I think just like people weight can be deceiving. 
My chiweenie, is 4lbs and looks so tiny, my chi, is also 4lbs and has this thick neck, she's very blocky. You would never guess they are the same weight. 

Same thing with me. When I was dancing (ballet when I was young) I weighed 155lbs and only wore a size 1. Everyone was always shocked at my weight, but I just carry well. I wont even say what I weigh now, I'd be embarrassed. ha ha.


----------



## Audreybabypup (Sep 14, 2010)

MChis said:


> No 3 pounders here but here is a pic I snapped the other day of a few of my pups. Mari & Maxie (2 left) are both around 4.5lbs. Milo & Matilda (2 right) are 7 & 8lbs. So there is a difference...but not huge really. Saying that it all depends on body structure. Milo & Matilda appear to be the same size...but there is 1lb difference (more actually as Matilda is just under 7lbs & Milo just over 8lbs) so there are lots of factors that play into what different weights LOOK like....if that makes sense.

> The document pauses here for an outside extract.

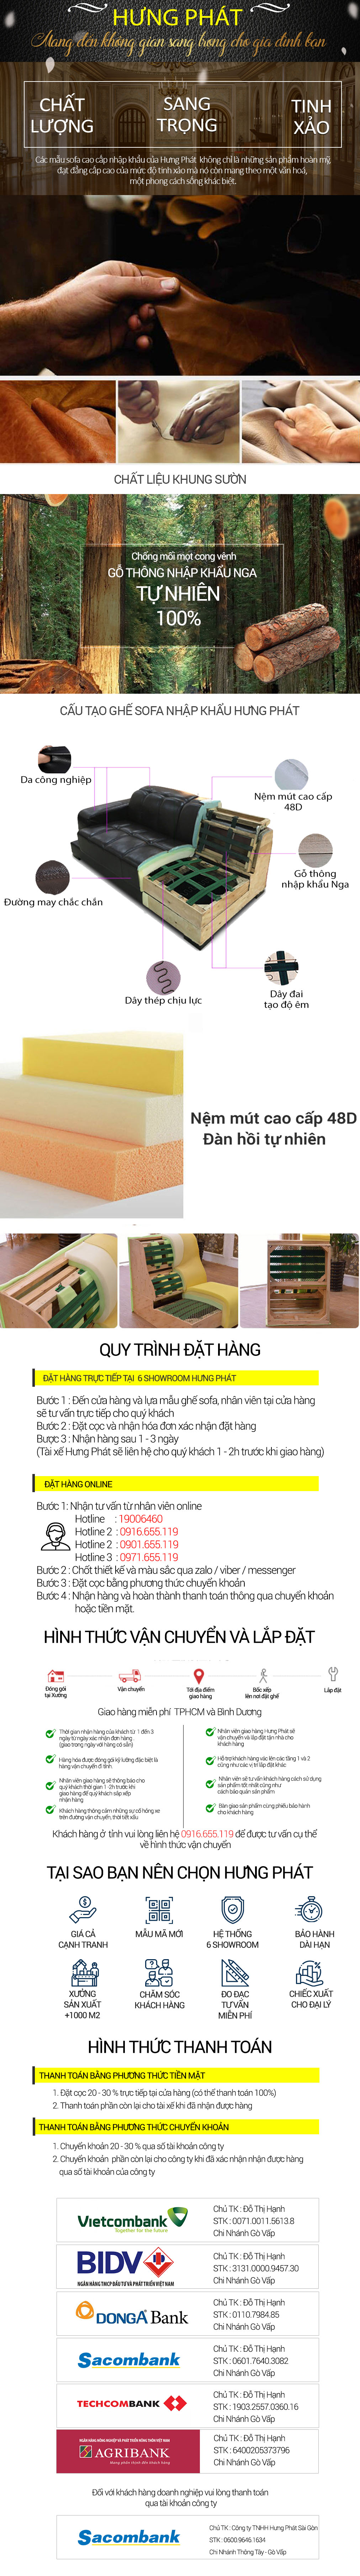 thong tin chi tiet san pham

Matilda looks so much like my Audrey Lyn. They have the same lean structure but Audrey is only 4 pounds 5ounces.


----------



## svdreamer (Feb 20, 2010)

I have one that is almost 3 pounds and one that is almost 6 pounds. (Ignore the dirty floor, I've been so busy lately, I haven't swept it up yet.)
Twiggy and Delilah


----------



## TLI (Sep 3, 2008)

Mine start at almost 2 lbs. to a lil over 4 lbs. You can see a size difference in all of them based on their weight. Jade being the smallest, next Gia, then Lexie, then Chance.


----------



## 20887 (Mar 16, 2011)

Lion weighs 6 lbs, Penny weighs about 4. Penny is very stocky, so she is heavier than she looks!


----------



## TLI (Sep 3, 2008)

Tried to find some pics to help show the difference in my guys sizes. 

Anyway, Lexie & Chance's size difference is mostly just him being fuller than her. He is only a hair taller, and a hair longer. You could see better without them having clothes on, but I can't find any pics of them standing right next to each other like this other than this one. I have to surf through like 5,000 pics. :lol:

Lexie weighs about 3 lbs. 9 to 10 oz., Chance weighs about 4 lbs. 3 to 4 oz. 










Gia was looking down in this pic, so again, not the best pic to tell the size difference, but the first one I came across of them side by side. 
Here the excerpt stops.